**EXERCISE REQUIREMENTS**
Would you repeat the listing below exactly, with no pictures in it?

**PROVIDED DATA**
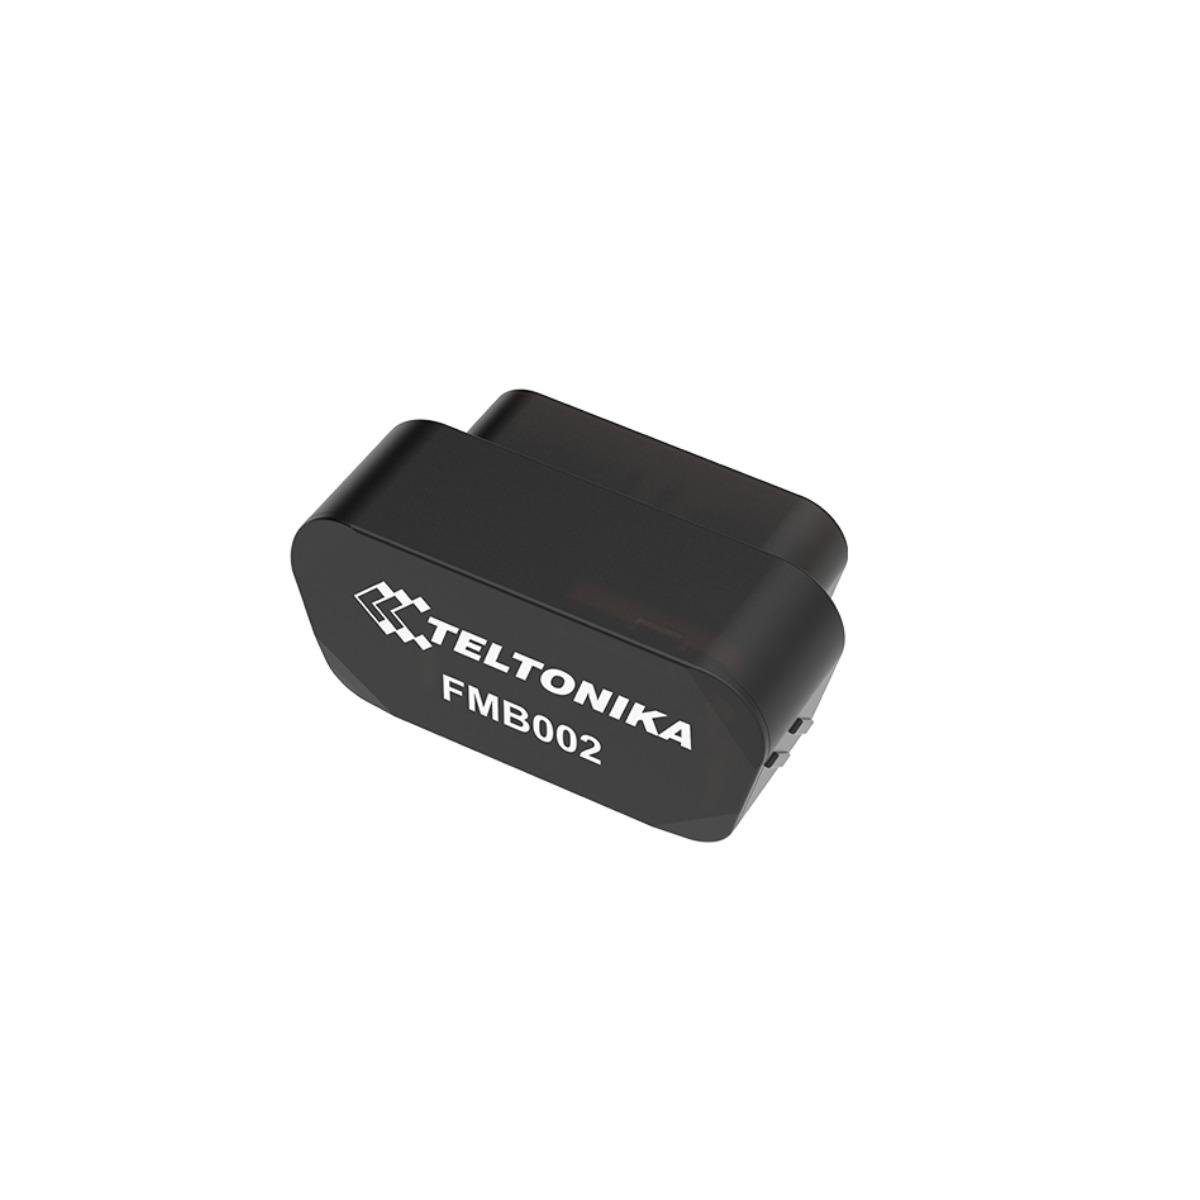 GPS-Tracker FMB002 OBD-Tracker Teltonika - Kleiner
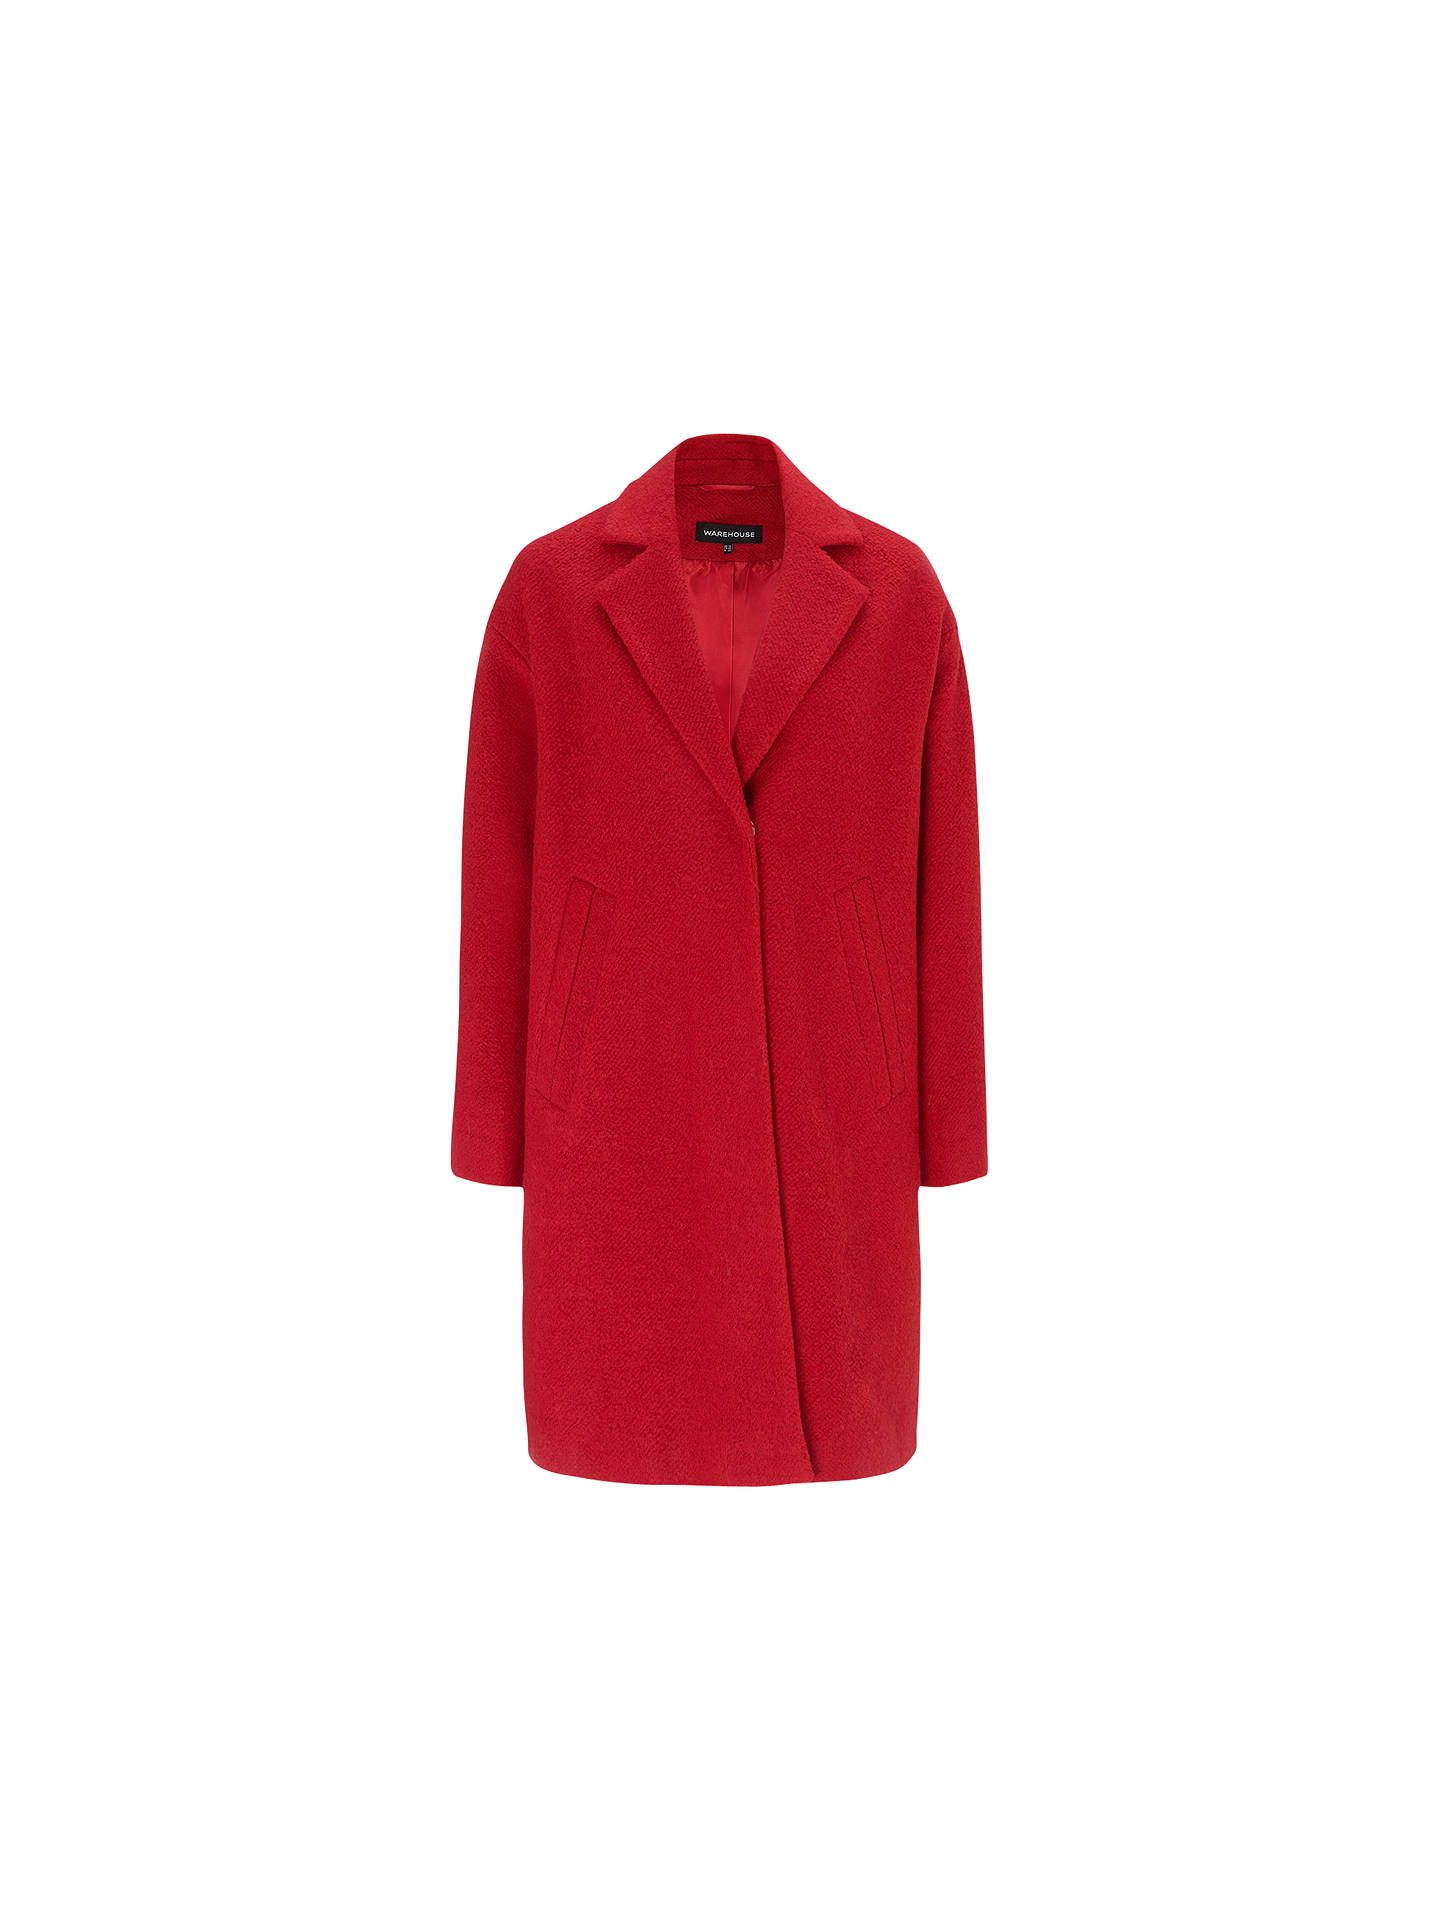 Warehouse Bouclé Wool Blend Coat, Bright Red at John Lewis & Partners
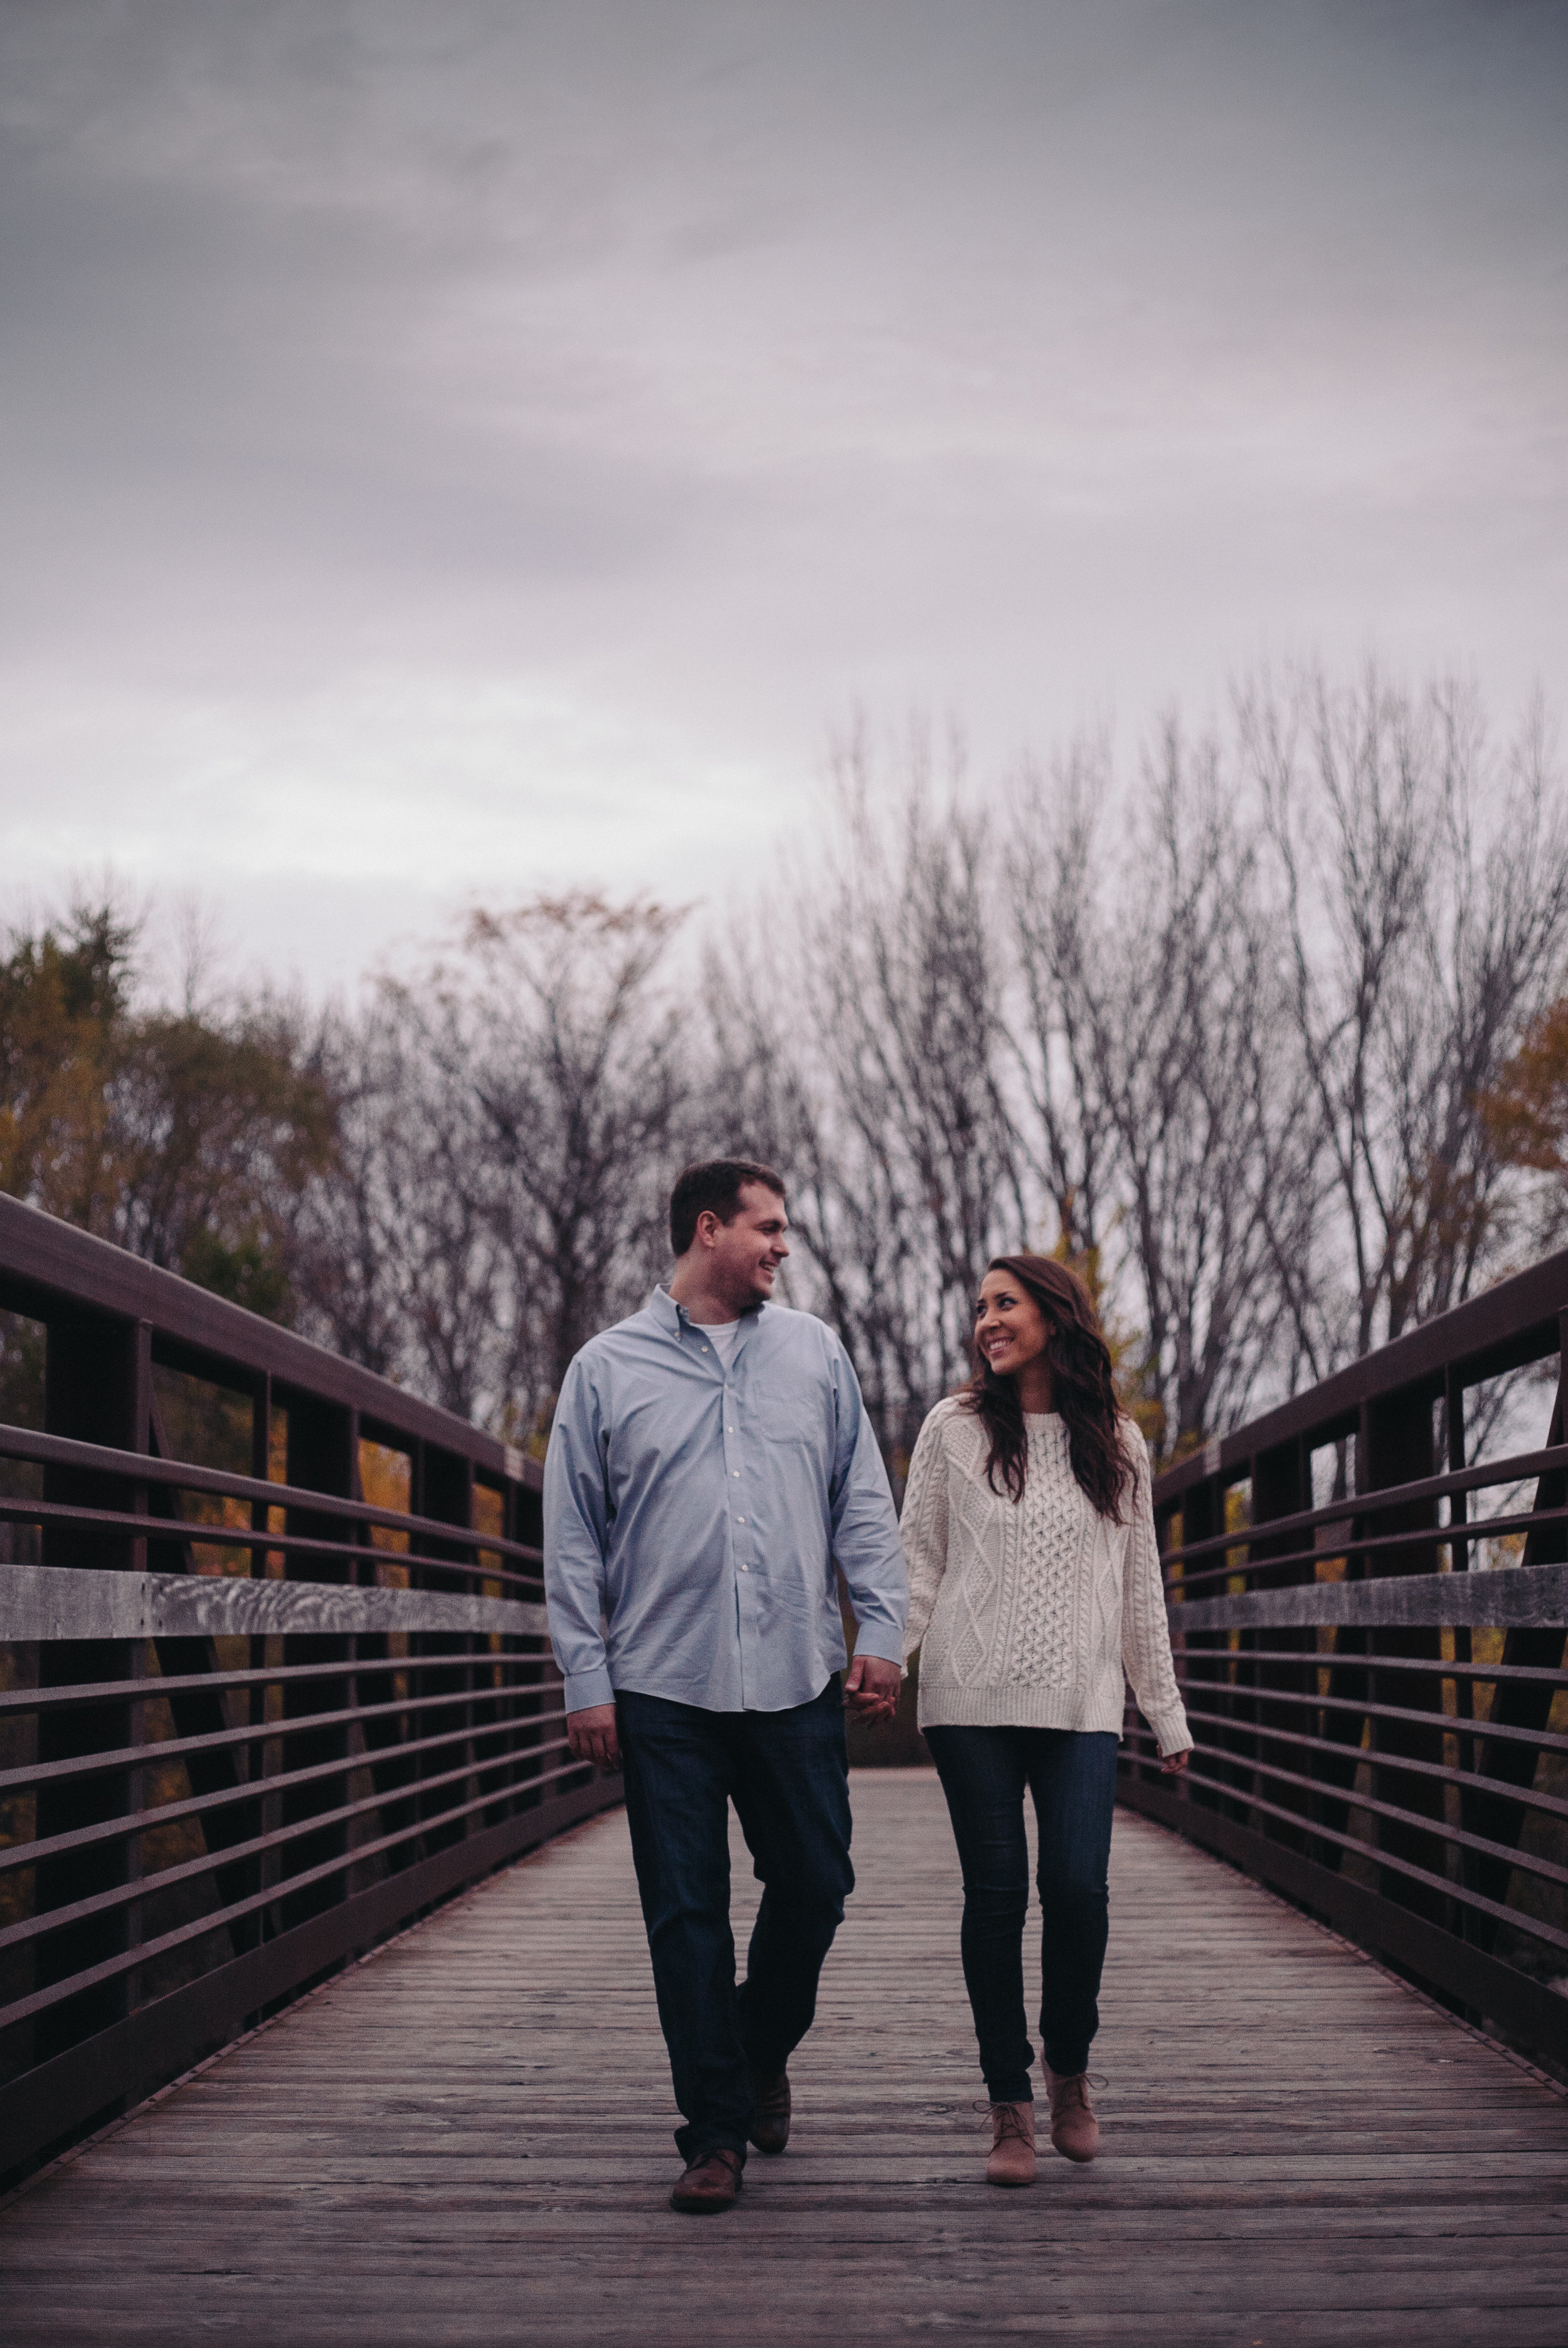  Johnsons Creative | Patrick + Lynn, Engagement Photos, Photography, Cedar Falls, Iowa, Midwest

**EXPECTED ANSWER**
 GPS-Tracker FMB002 OBD-Tracker Teltonika - Kleiner
 Warehouse Bouclé Wool Blend Coat, Bright Red at John Lewis & Partners
  Johnsons Creative | Patrick + Lynn, Engagement Photos, Photography, Cedar Falls, Iowa, Midwest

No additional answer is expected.